TASK DATA:
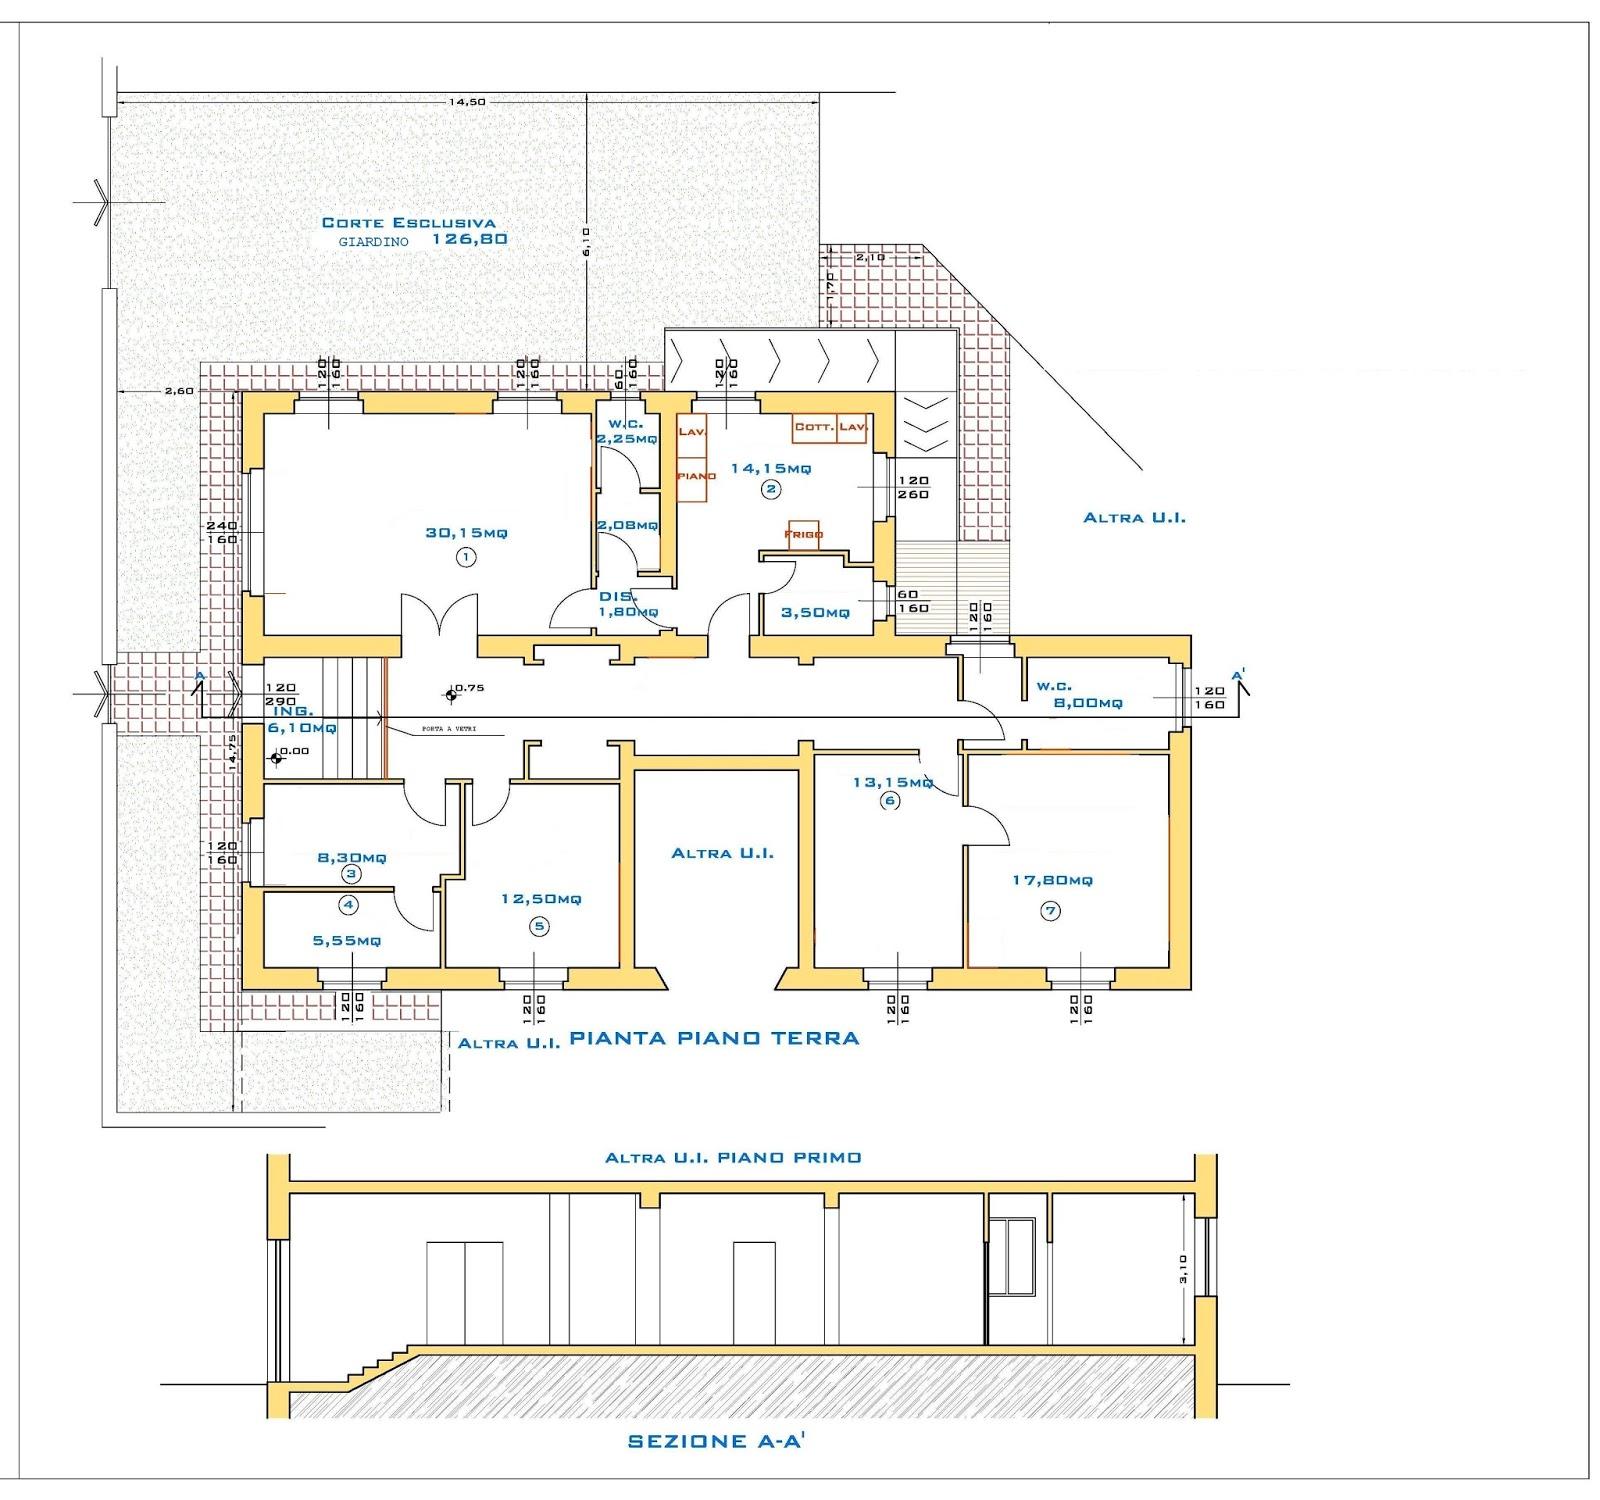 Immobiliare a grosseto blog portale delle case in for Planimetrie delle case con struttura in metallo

==

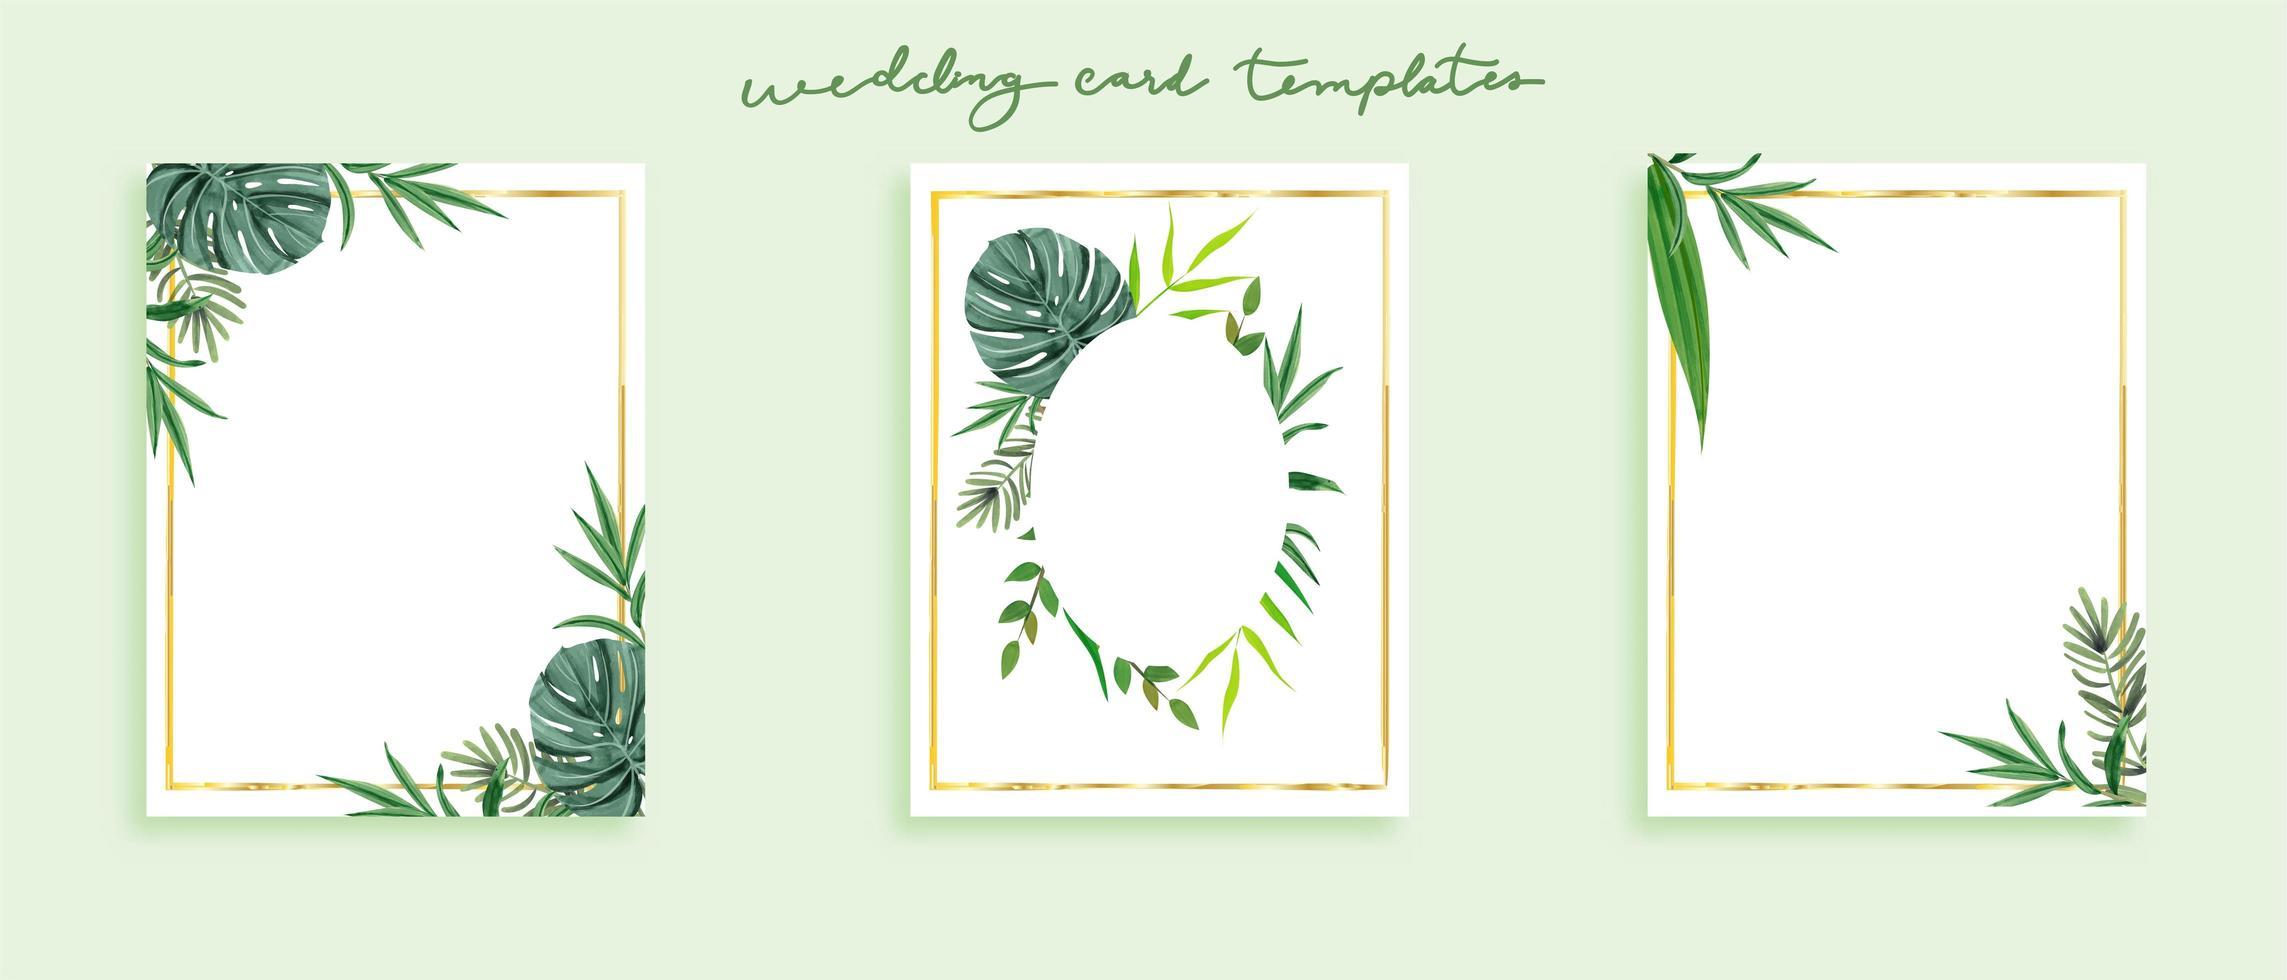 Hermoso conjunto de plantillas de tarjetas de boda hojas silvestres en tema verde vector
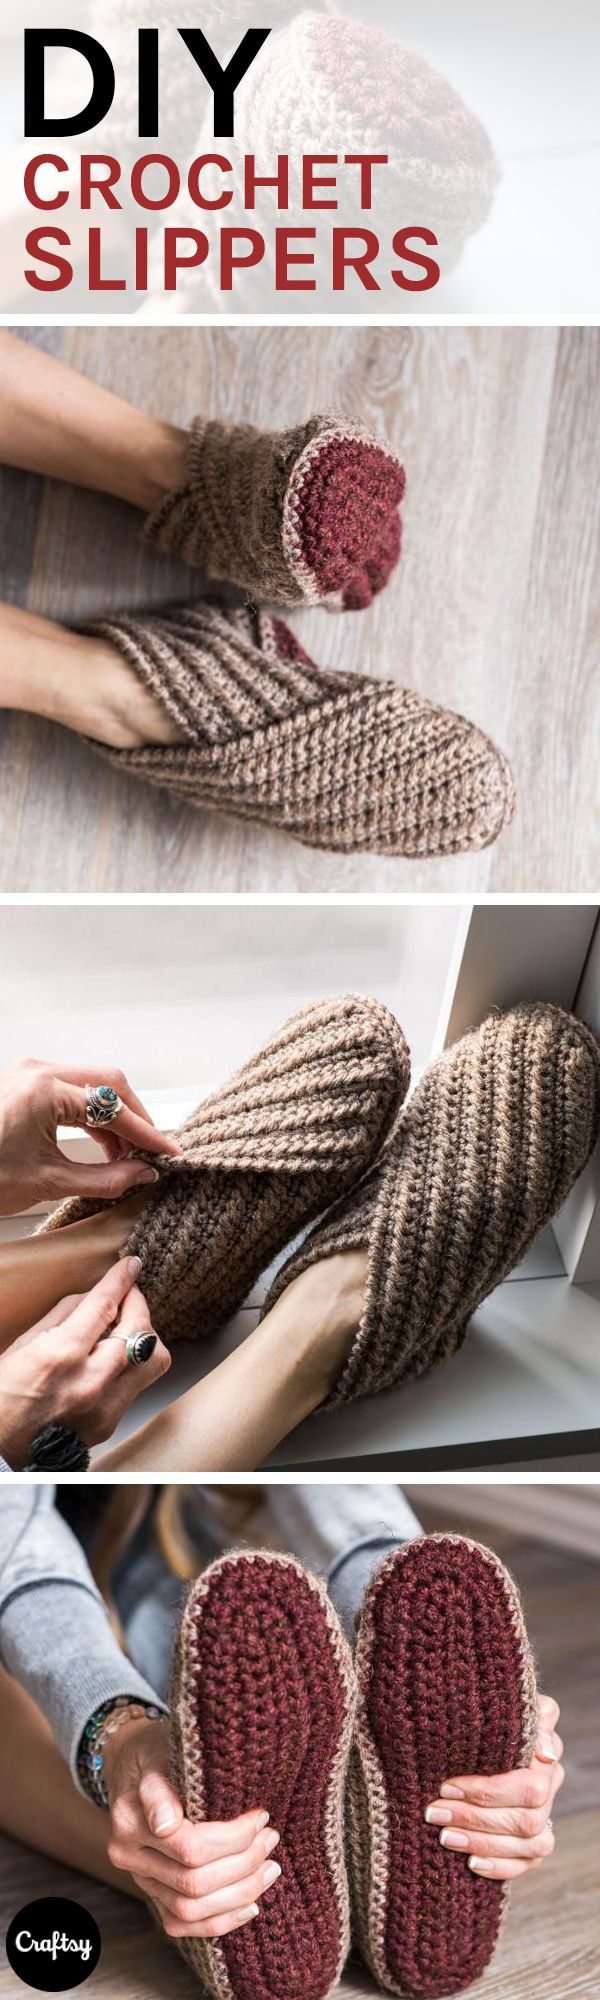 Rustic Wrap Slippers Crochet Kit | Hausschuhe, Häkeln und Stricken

--

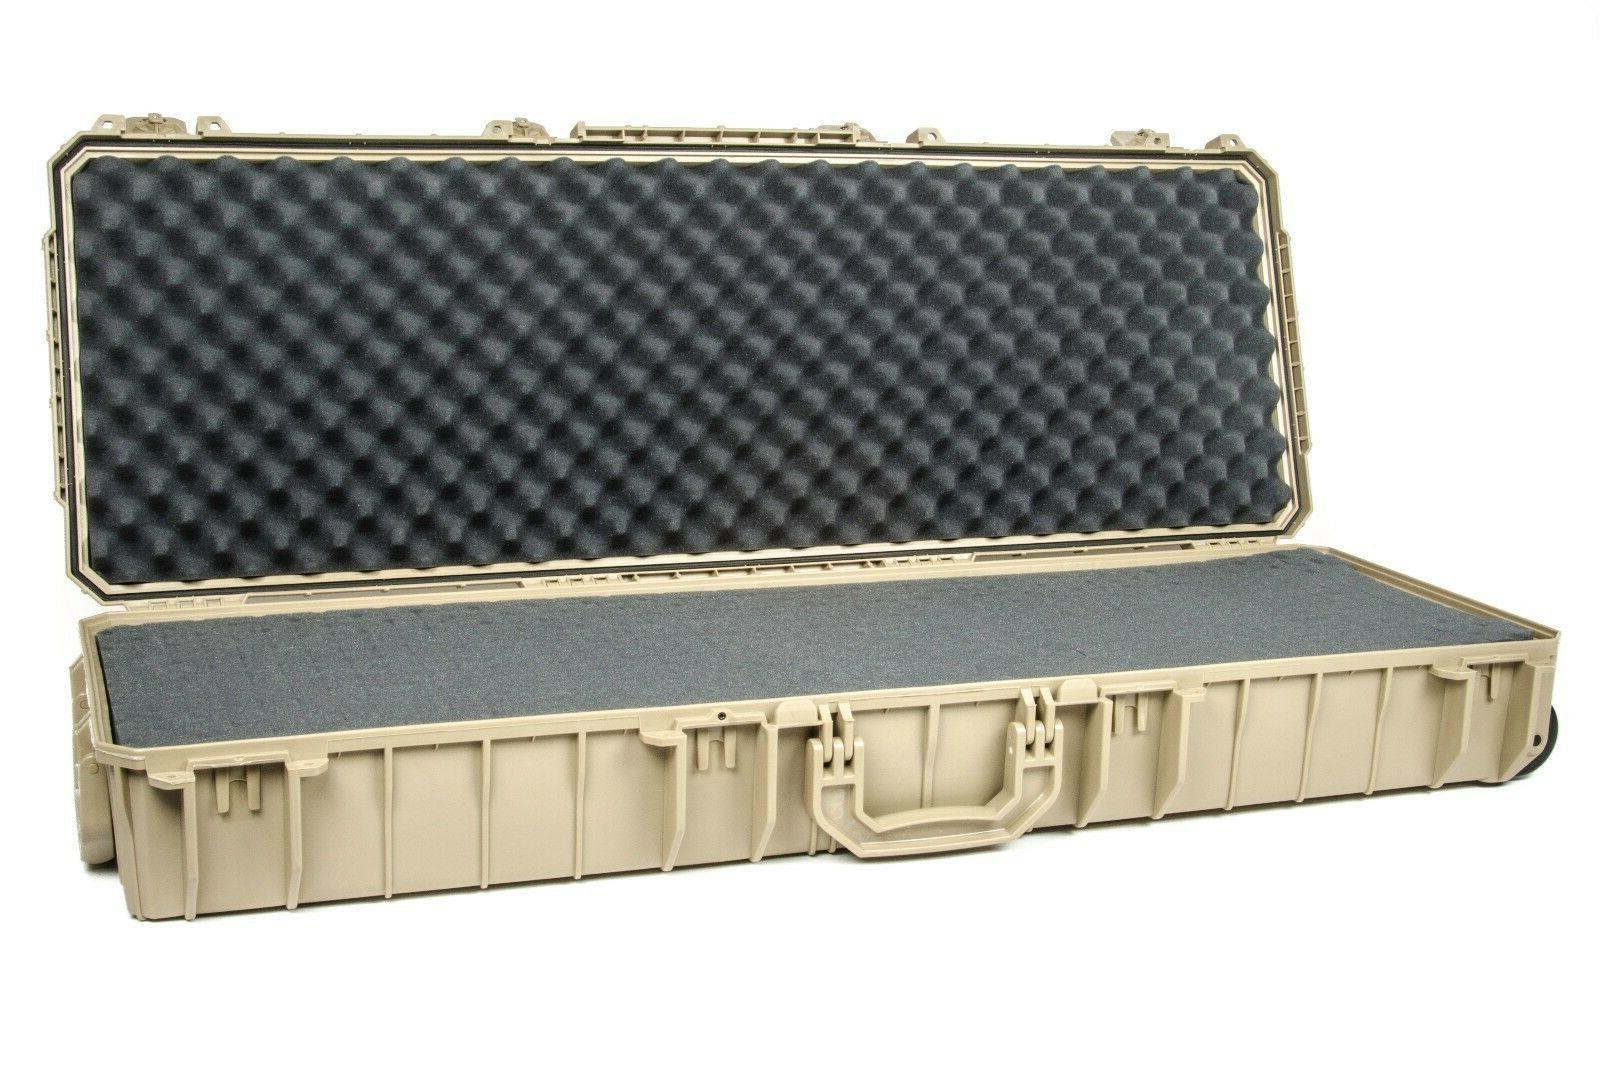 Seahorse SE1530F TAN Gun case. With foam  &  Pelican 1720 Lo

WORK TASK: Among the entries above, locate the line with "Hermoso conjunto de" and the line with "Rustic Wrap Slippers". Give those two lines and all lines between them again, exactly, leaving out the pictures.

WRITTEN ANSWER:
 Hermoso conjunto de plantillas de tarjetas de boda hojas silvestres en tema verde vector
 Rustic Wrap Slippers Crochet Kit | Hausschuhe, Häkeln und Stricken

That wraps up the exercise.